Both Glenner v. Chicago Transit Authority (1972), 9 Ill. App. 3d 323, 292 N.E.2d 217, and McMillin v. Economics Laboratory, Inc. (1984), 127 Ill. App. 3d 517, 468 N.E.2d 982, relied upon by plaintiff, are distinguishable. In Glenner, the court held that the trial court had abused its discretion by refusing to vacate a dismissal order where the plaintiff contended that the trial court itself had coerced him into accepting a settlement agreement. Glenner, 9 Ill.

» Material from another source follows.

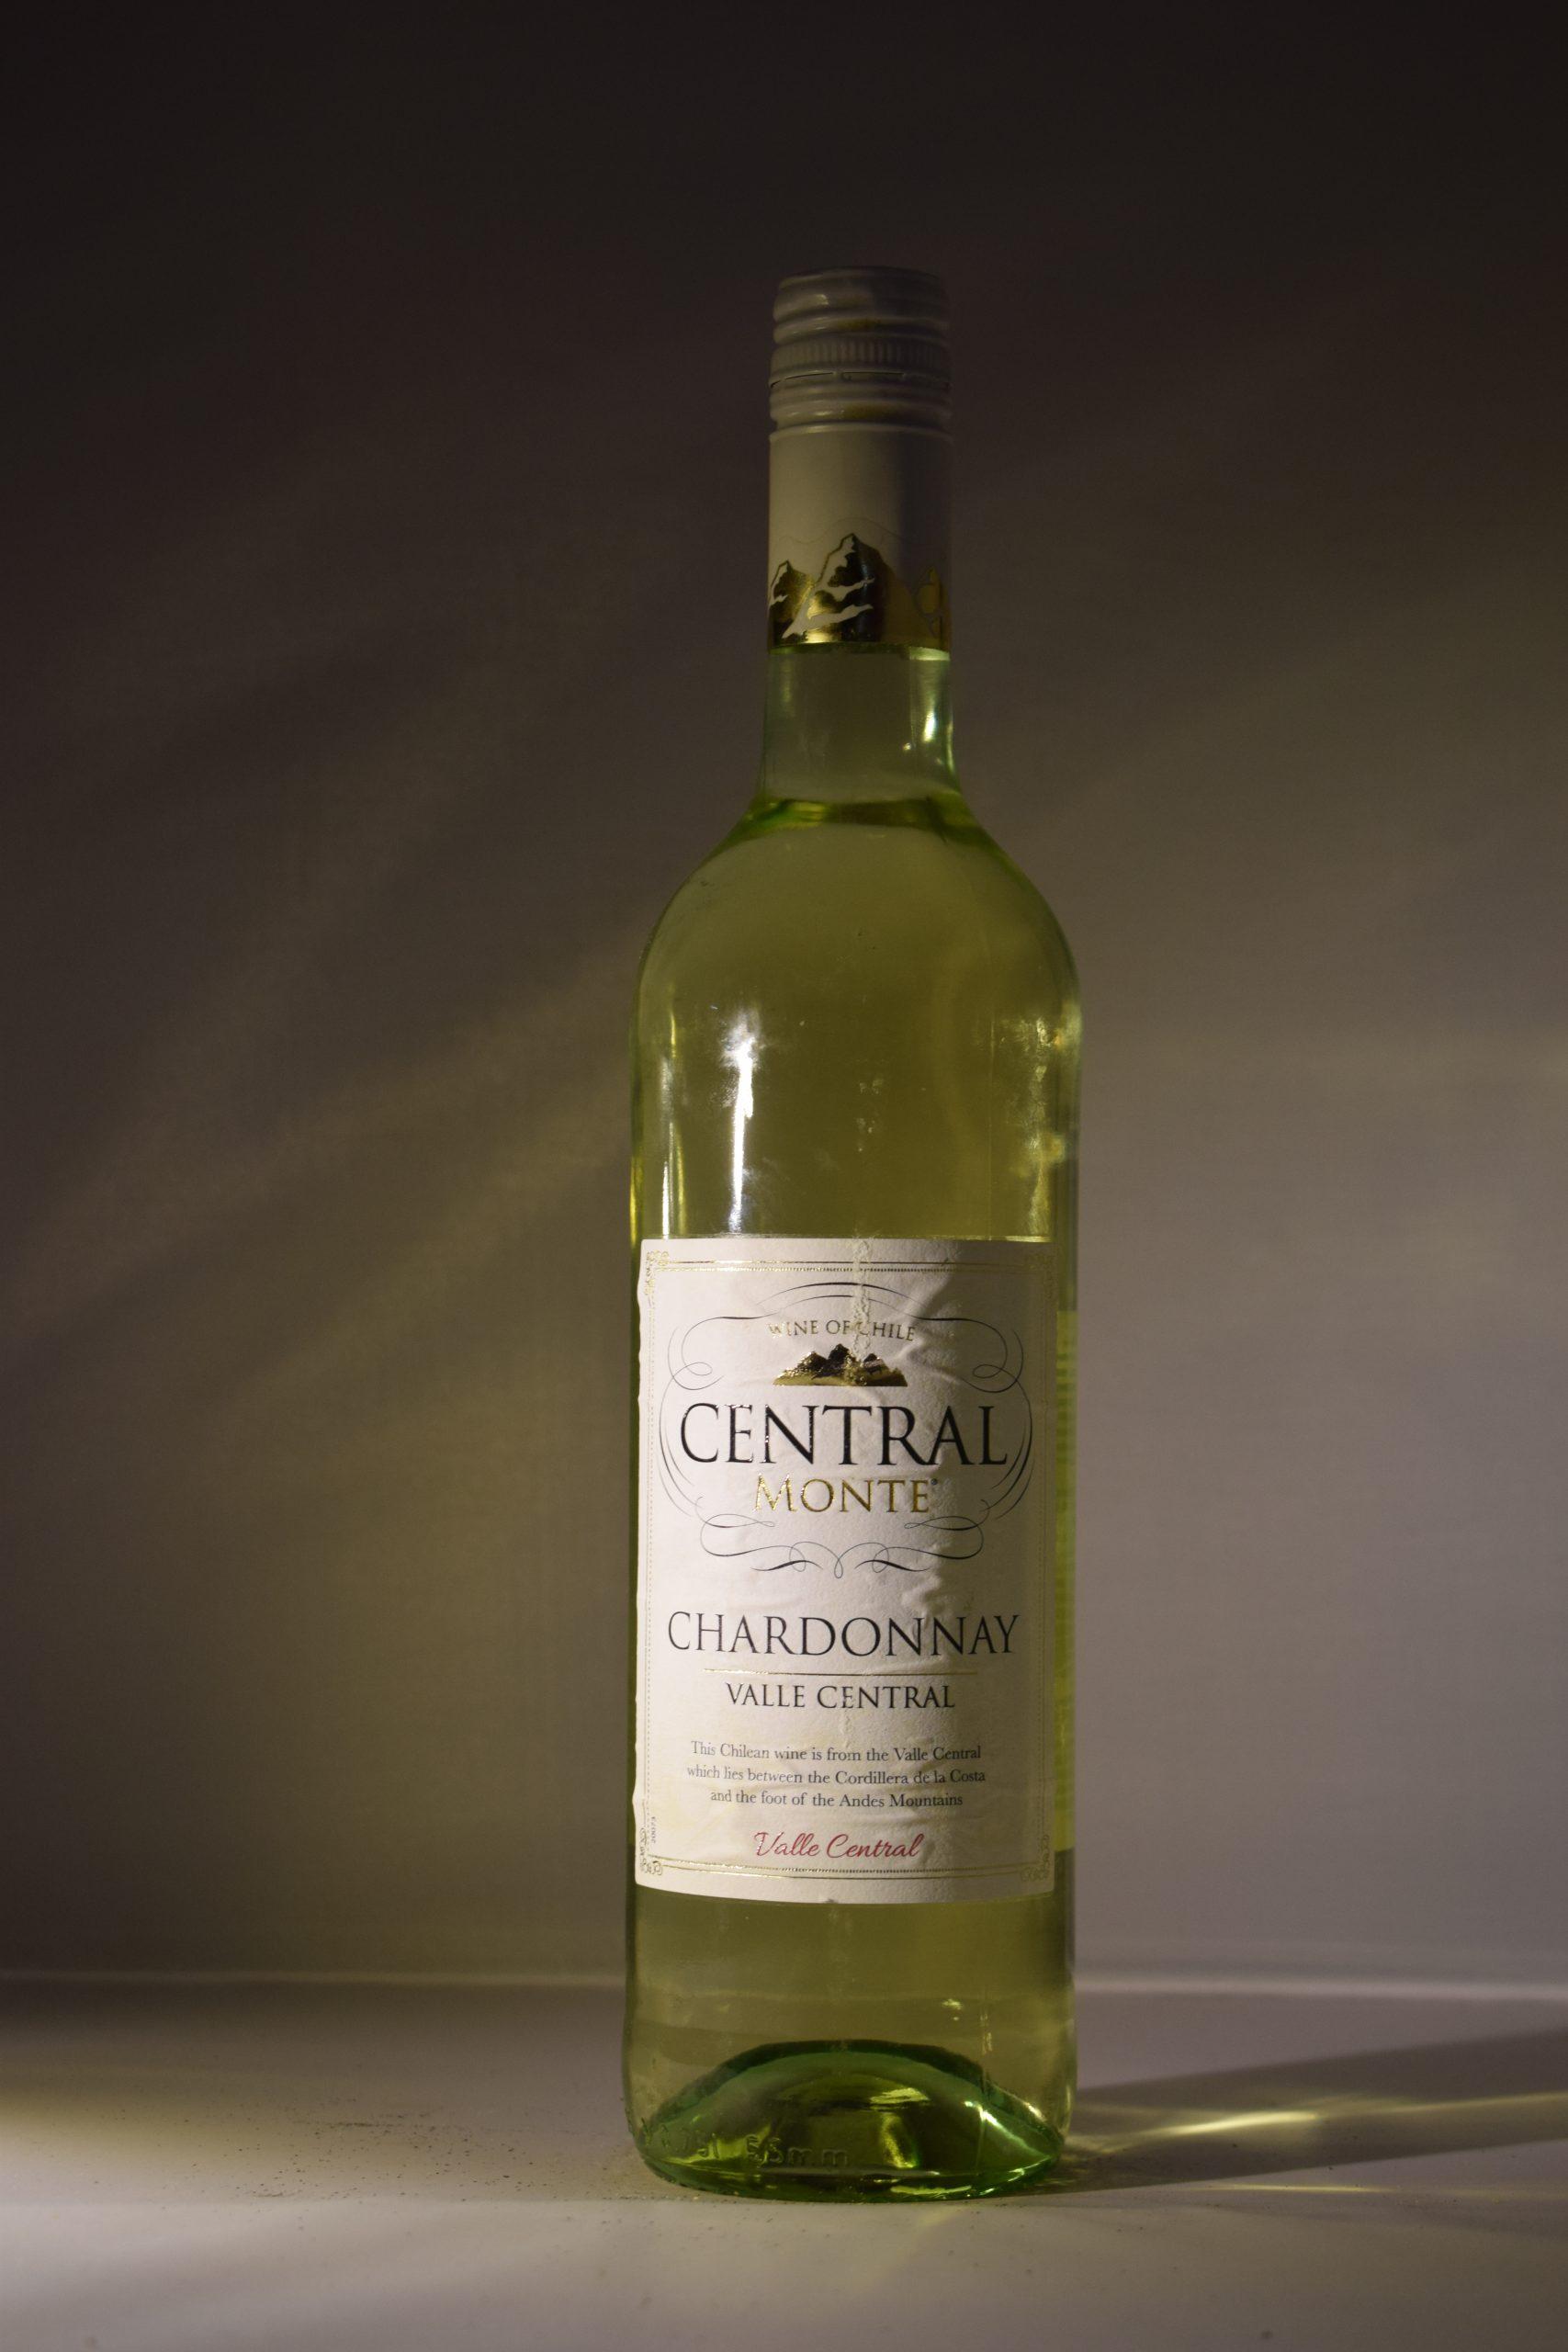 Central Monte Chardonnay

App. 3d at 326.

*767Similarly, in McMillin, this court affirmed an order vacating an order of dismissal where it was shown that neither plaintiffs nor their attorney had agreed to a settlement and the motion to vacate was timely. (McMillin, 127 Ill. App. 3d at 526-27.) Neither case involved motions filed more than 30 days after the initial order had been entered and thus neither is dispositive here.

One final matter remains to be addressed, Plaintiff has argued that the defendant would not be prejudiced by vacating the dismissal order and conducting an evidentiary hearing, a contention which is not supported by the record. As defendant points out, the fires which led to the initial complaint occurred in March 1977. Although the original suit was filed within one year, as required by the provisions of the insurance policy, it was dismissed for want of prosecution on October 4, 1982. The case was refiled on September 30, 1983, and was assigned for trial on August 11, 1988. Defendant has twice been required to make substantial preparations for settlement or trial, and we agree that to now require defense witnesses to testify to conditions of plaintiff’s building and plaintiff’s lack of maintenance, based on observations made almost 14 years ago, would unfairly prejudice defendant.

Accordingly, the order of the trial court denying plaintiff’s motion to vacate the dismissal of this case with prejudice is affirmed.

Judgment affirmed.

BUCKLEY, P.J., and CAMPBELL, J., concur.